However, there is no explicit synchronisation between the textual descriptions, and the video segments that they correspond to. The synchronisation is achieved by using the text to drive the segmentation of the video. The scene categories are modeled in a suitable (visual) feature space, and the text is used to obtain the category of each scene in the video. A hypothetical video is generated from the text, which is aligned with the real video using Dynamic Programming. The scenes in the real video are segmented based on the known scene boundaries of the hypothetical video.

Once segmented, the scenes are automatically annotated with the detailed textual descriptions which allows us to build a Table-of-Contents representation for the entire video. This interface is very intutitve and allows for easy browsing of the video using the corresponding text. The text can now be used to index the videos, which allows for video retrieval using texttual queries (of semantic concepts).


Ongoing Work

In ongoing work, we are addressing various novel directions for enabling retrieval from video collections. In one of the projects for annotating news videos, we are using the people in the news to identify the news content. Faces in the news are annotated with the name of the person, and the news stories can be queried based on the people involved in it.

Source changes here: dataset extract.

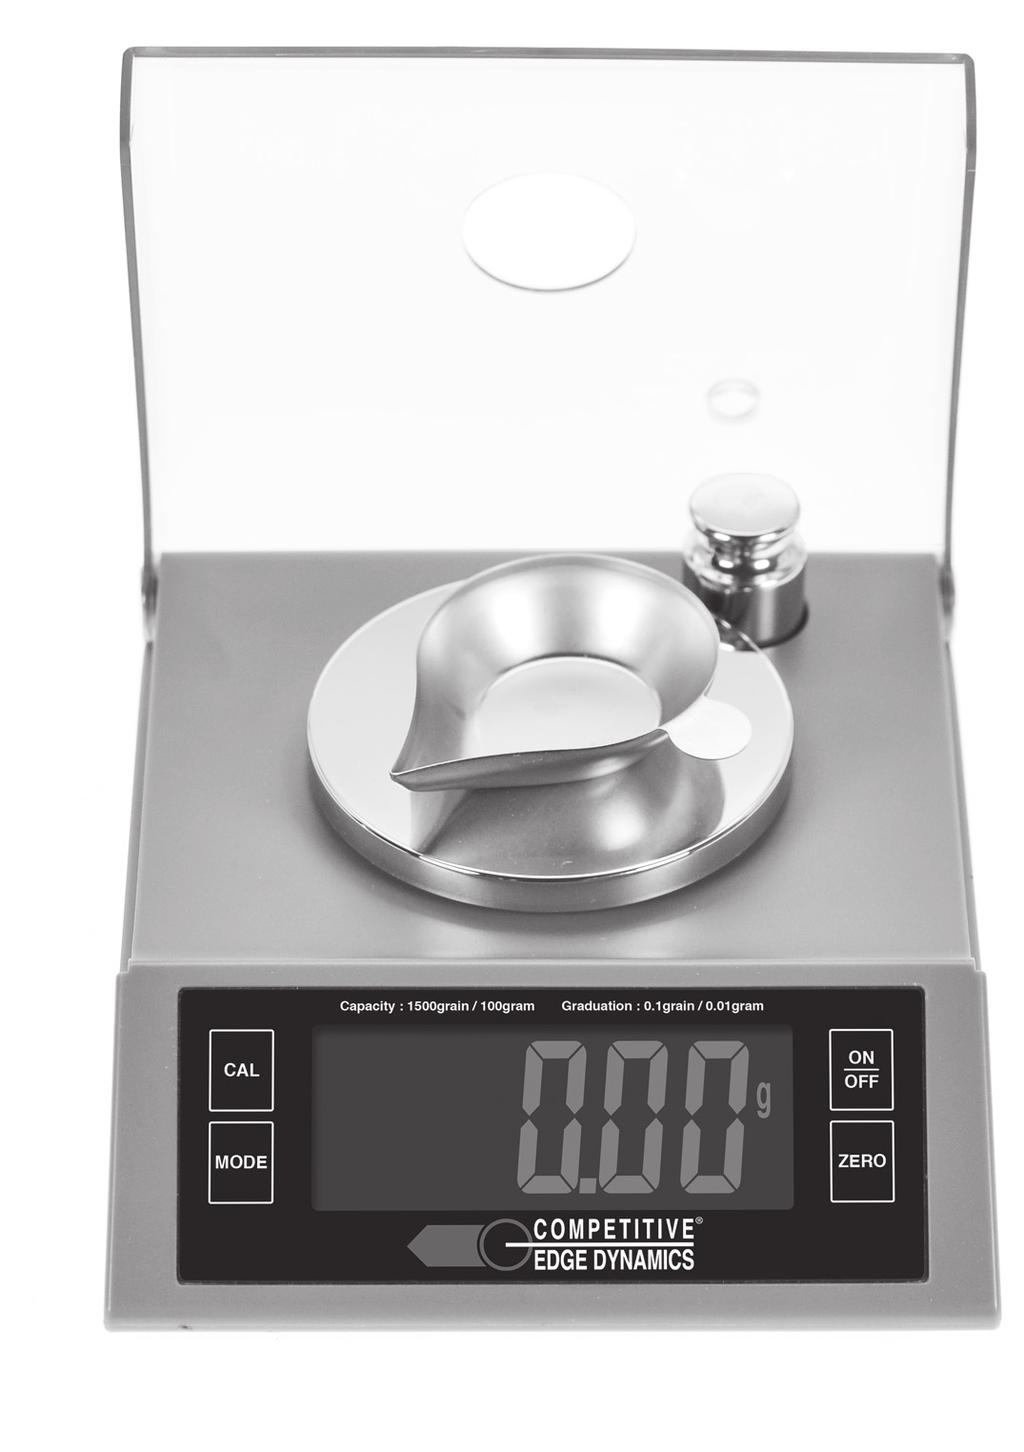 F. Re- Zero Function: Press the "ZERO" key at any time to re-zero the scale. This is a good idea if it is moved during a weighing process. FIG 11 FIG 11 G. Operation of the Scale (weighing powder): 1.

In another ongoing project, we are exploring the use of various compressed domain techniques for video data retrieval and mining. Videos are generally stored in the MPEG format which is a compressed domain representation. The use of a large number of exisiting techniques for compressed domain, avoids explicit decoding of video, and can convey further information without visual recognition and understanding.


Related Publications

  • Pramod Sankar K., Saurabh Pandey and C. V. Jawahar - Text Driven Temporal Segmentation of Cricket Videos , 5th Indian Conference on Computer Vision, Graphics and Image Processing, Madurai, India, LNCS 4338 pp.433-444, 2006. [PDF]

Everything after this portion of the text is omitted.